From Form to Dimension: Digging Deeper into the Role of Dimensions

While composite indices enable evaluators to quickly identify regions and LAGs with a diverse endowment of social capital, they do not point to the specific outcomes achieved by the LAGs through their activities. Indices may be analysed for each of the 15 identified dimensions to specify overall trends – not only by LAG, but also by the actual dimensions of the various forms of social capital and governance considered in the present study.

Structural Social Capital by Dimension

Structural social capital includes five dimensions, A – Context, B – Network actors, C – Horizontal structure of the network, D – Transparency and accountability and E – Reputational power. Figure 11.1 shows the boxplot representing the distribution of values around the median and the mean and the different quartiles for each dimension of structural social capital (graph A) and for each LAG (graph B). That is, it portrays the dispersion, the skewness and the outliers, through the spaces between the quartiles of each distribution. Moreover, boxplot graphs allow the comparison among the distribution (LAGs in graph A, dimensions in graph B). The analysis of the dimensions (graph A) can indicate the ones where generally, the LAGs share common trends, from those where LAGs may diverge quite significantly. For example, in graph A, dimensions A – Context, B – Network actors and D – Transparency and accountability show the largest variability in our sample, with values ranging from 0.01 to 0.84. Thus, the outcomes at this level are quite different among LAGs, with values showing a large spread at the level of the single LAG (see the example of the LAG Gargano below). Conversely, dimensions C – Horizontal structure of the network and E – Reputational power have a smaller spread in values. This means that LAGs generally share common trends and are closer in values for those dimensions, with no situations showing critically low values. For example, the range for Dimension C varies between the LAGs Sulcis (0.35) and Prealpi e Dolomiti (0.84).

Fig. 11.1
figure 1

Source: Own elaboration

Structural social capital by dimension (graph A) and by LAG (graph B)

If we look at the data from the perspective of each LAG (graph B), the LAG Ternano in Umbria (Centre) shows the highest average value in terms of structural social capital (0.69). An analysis of values by dimension shows values higher than 0.5 for all cases: D – Transparency and accountability has the highest value (0.84), followed by E – Reputational power (0.81), B – Network actors (0.68) and A – Context (0.64), while C – Horizontal structure of the network has the lowest value (0.52).

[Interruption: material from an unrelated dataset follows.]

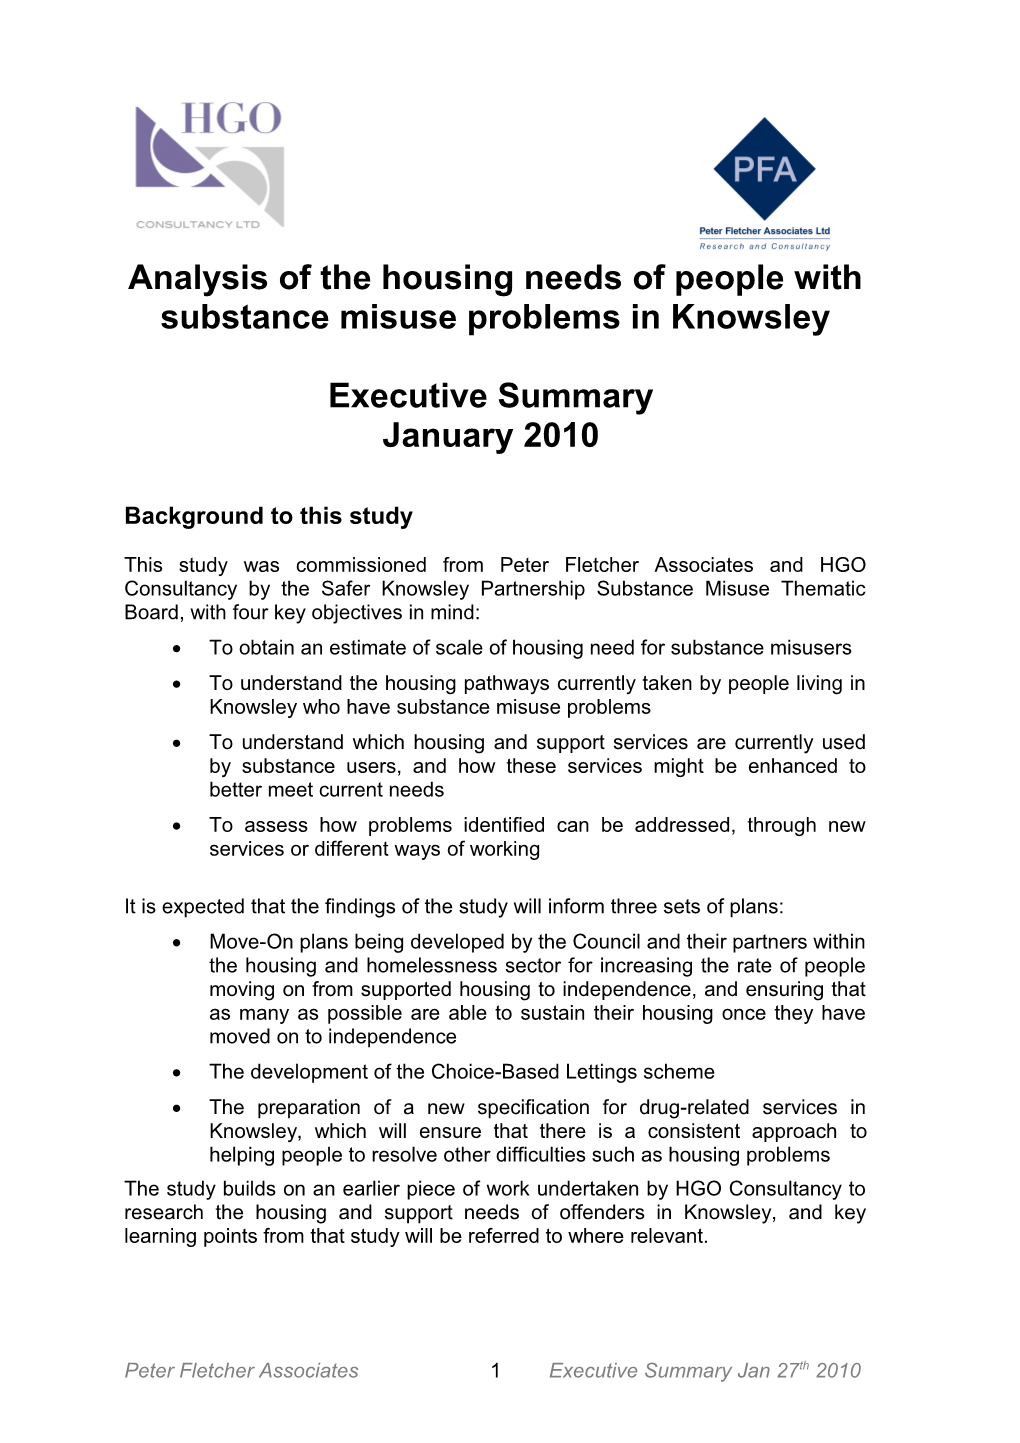 Analysis of the Housing Needs of People with Substance Misuse Problems in Knowsley

This shows that in the LAG Ternano, individuals appear to give merit to the transparency and accountability of the organisation and its members, as well as to their reputation. The LAG Meridaunia in Apulia (South) shows an opposite pattern in terms of faring last, and having its maximum value equals to 0.39. The dimensions with the highest values are C – Horizontal structure of the network (0.39) and E – Reputational power (0.22), while all other dimensions are below 0.1. While the next sections show positive areas as well, the results for the LAG Meridaunia need to be analysed with care, because of the low rates of responses from beneficiaries (20%) and members (47%) (see Chapter 15 for a detailed analysis of the LAG).

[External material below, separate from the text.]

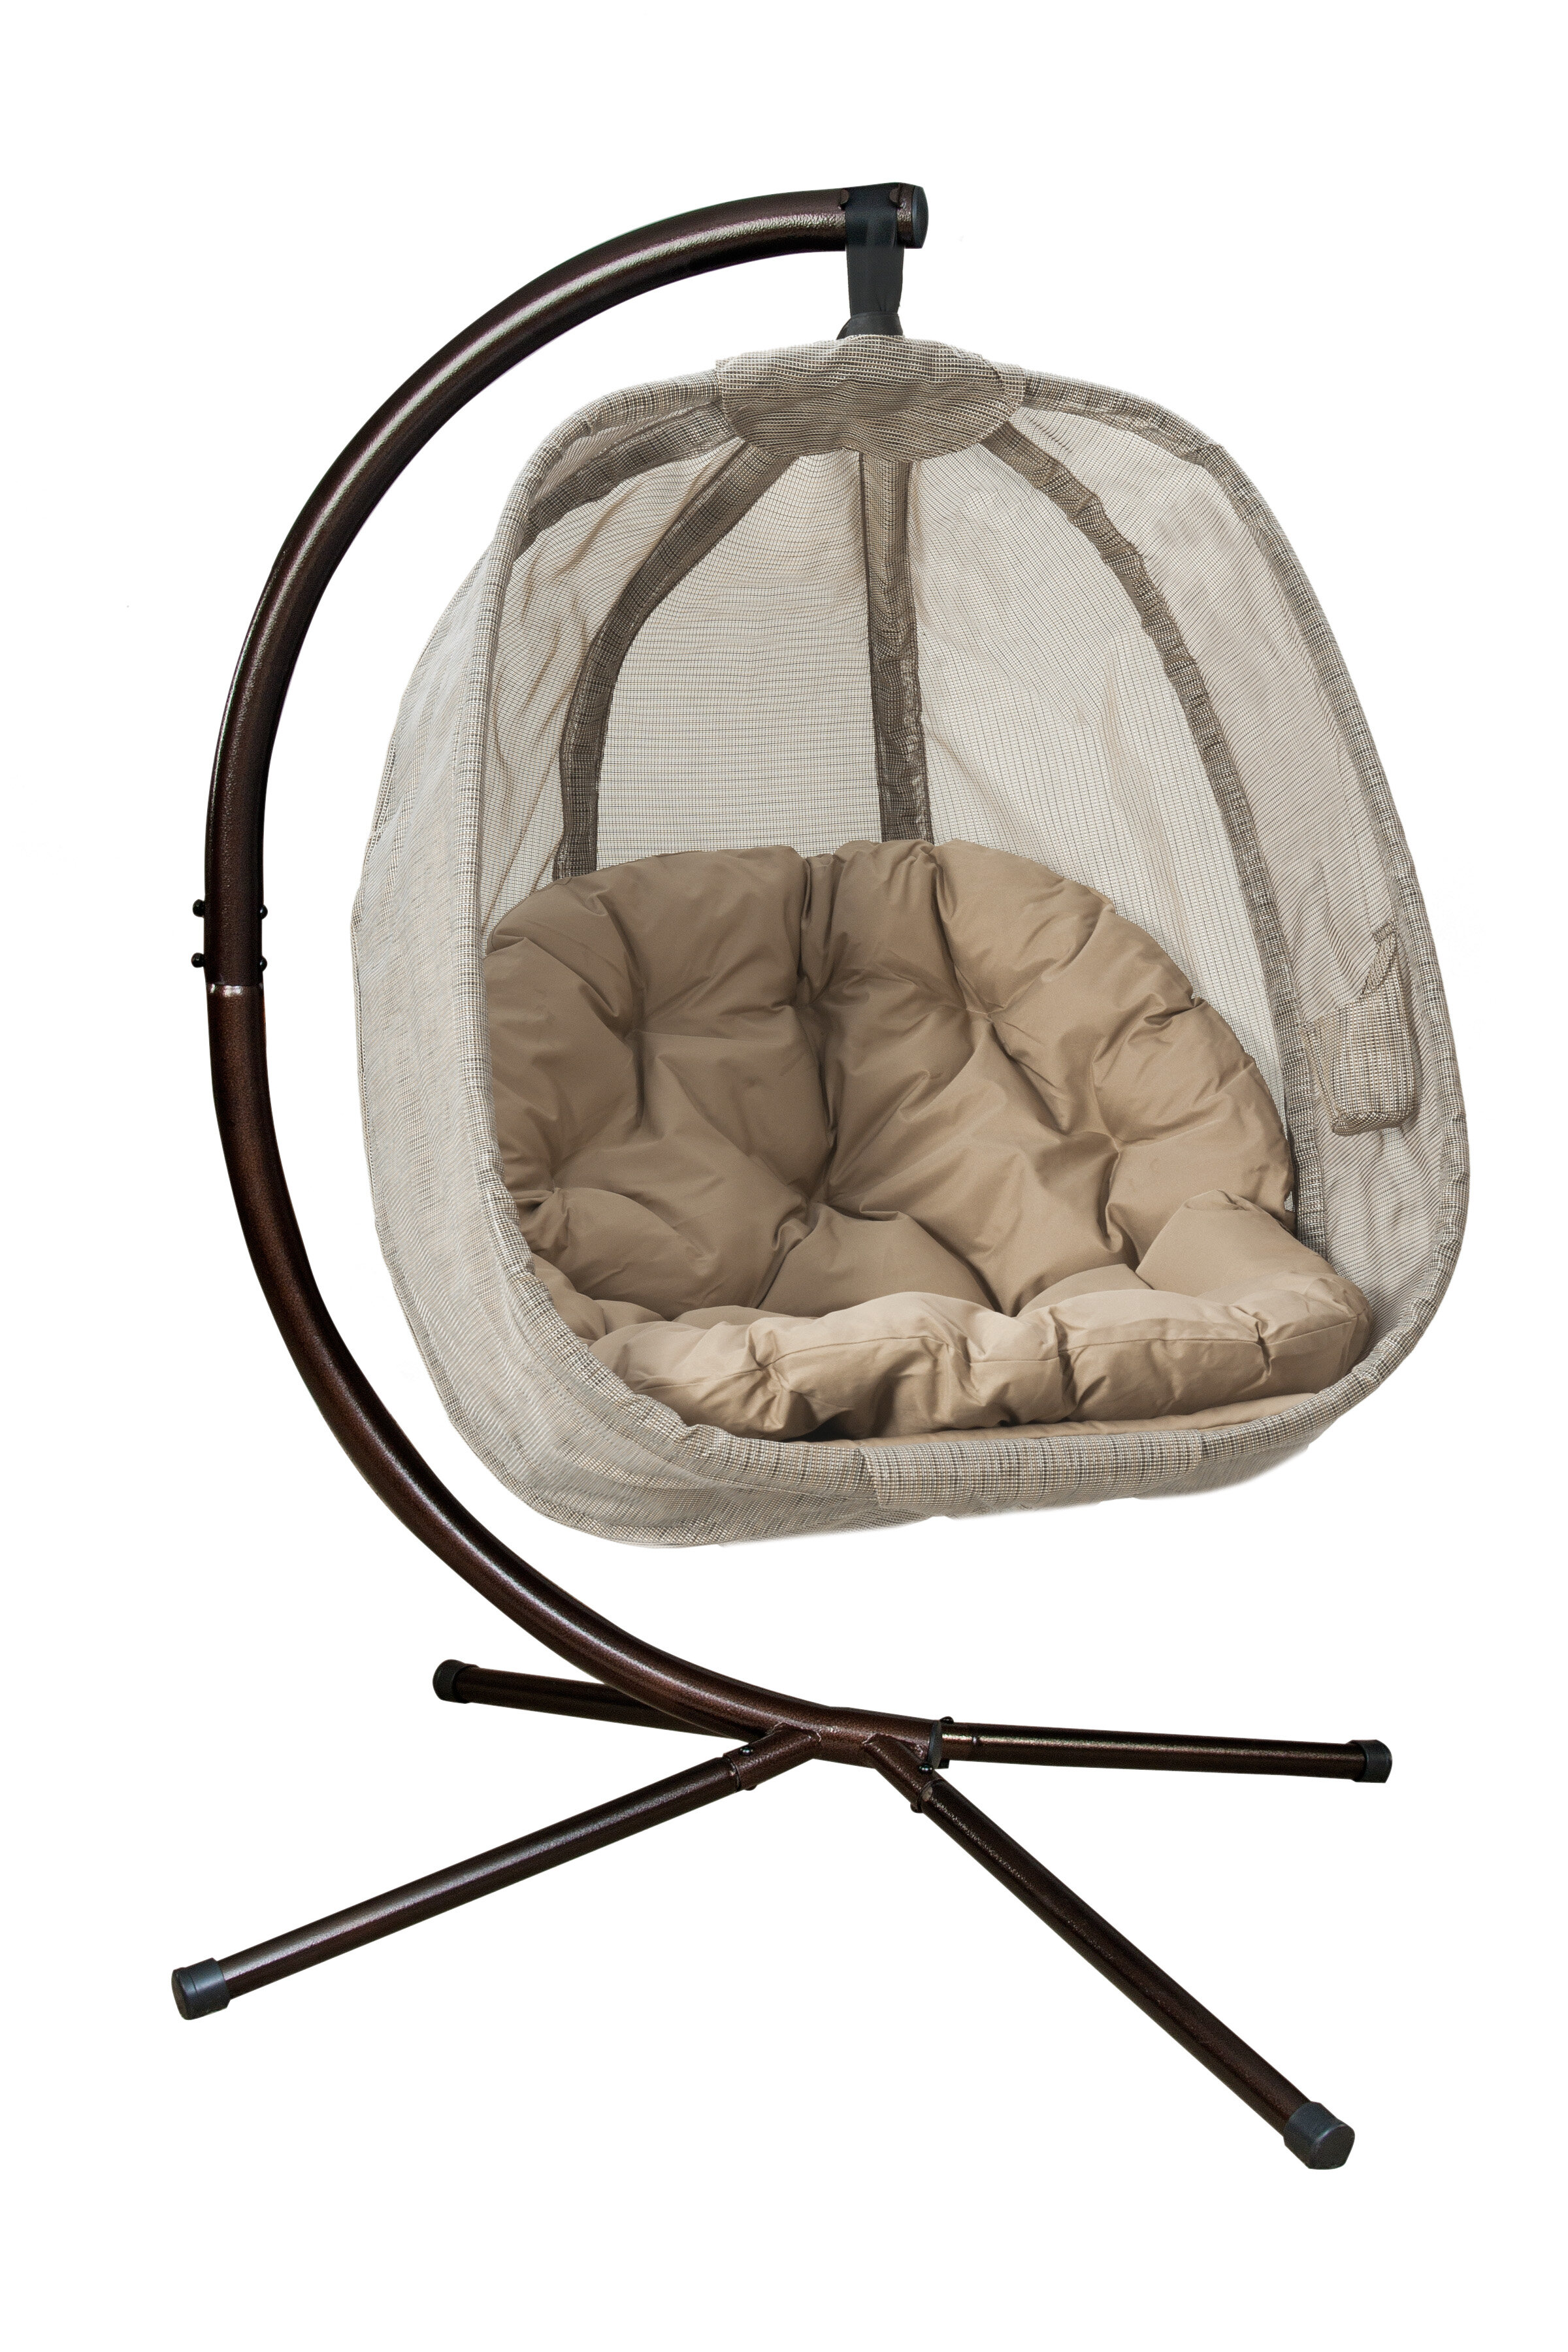 Flowerhouse Egg Swing Chair With Stand Reviews Wayfair

As mentioned above, the LAG Gargano, in Apulia (South), shows the most striking pattern, with a large spread of values (min 0.01 and max 0.81). The LAG Gargano has the highest value for dimension A – Context (0.81), defined here as a combination of the overall motivation of members to join the LAG (proactively rather than by invitation), and the direct and indirect knowledge of the role and projects supported by the LAG. However, the lowest values belong to the dimensions B – Network actors (0.01), that is, members’ awareness of the initiatives of the LAG and its beneficiaries, and D – Transparency and accountability (0.03), that is, attention to suggestions by beneficiaries and administrative support. Despite these unfavourable conditions, values for dimensions E – Reputational power (0.68) and C – Horizontal structure of the network (0.47) paint a more positive picture, implicating potential areas of strength in the organisation, for example in attendance at meetings and reputation of the director and the members of Board of the Directors, which could be leveraged to continue building structural social capital. Generally, given the proactive motivation in joining the membership, the LAG Gargano may point to a case in which, as the proverb goes, “the spirit is willing, but the flesh is weak” and perhaps the spirit can become a powerful source for change.

Normative-Cognitive Social Capital by Dimension

Normative-cognitive social capital includes six dimensions, F – Trust and reciprocity among members, G – Institutional trust, H – Quality of the network, I – Quality of participation, L – Shared values and M – Conflict. The analysis of normative-cognitive social capital shows a seemingly “moderate” situation. This is demonstrated in Fig. 11.2 which provides values of normative-cognitive social capital by dimension (graph A) and by LAG (graph B). Similarly to structural social capital, the average for all dimensions is between 0.44 and 0.56 (Fig. 11.2, graph A) and the values are located between 0.01 and 0.92. Dimension F – Trust and reciprocity among actors, which includes internal levels of reciprocity among actors as well as beneficiaries’ level of trust in the LAG, has the highest median (0.60) and mean values (0.56). Dimension G – Institutional trust, towards local institutional actors, has the highest value (0.92).

Fig. 11.2
figure 2

Source: Own elaboration

Normative-cognitive social capital by dimension (graph A) and by LAG (graph B)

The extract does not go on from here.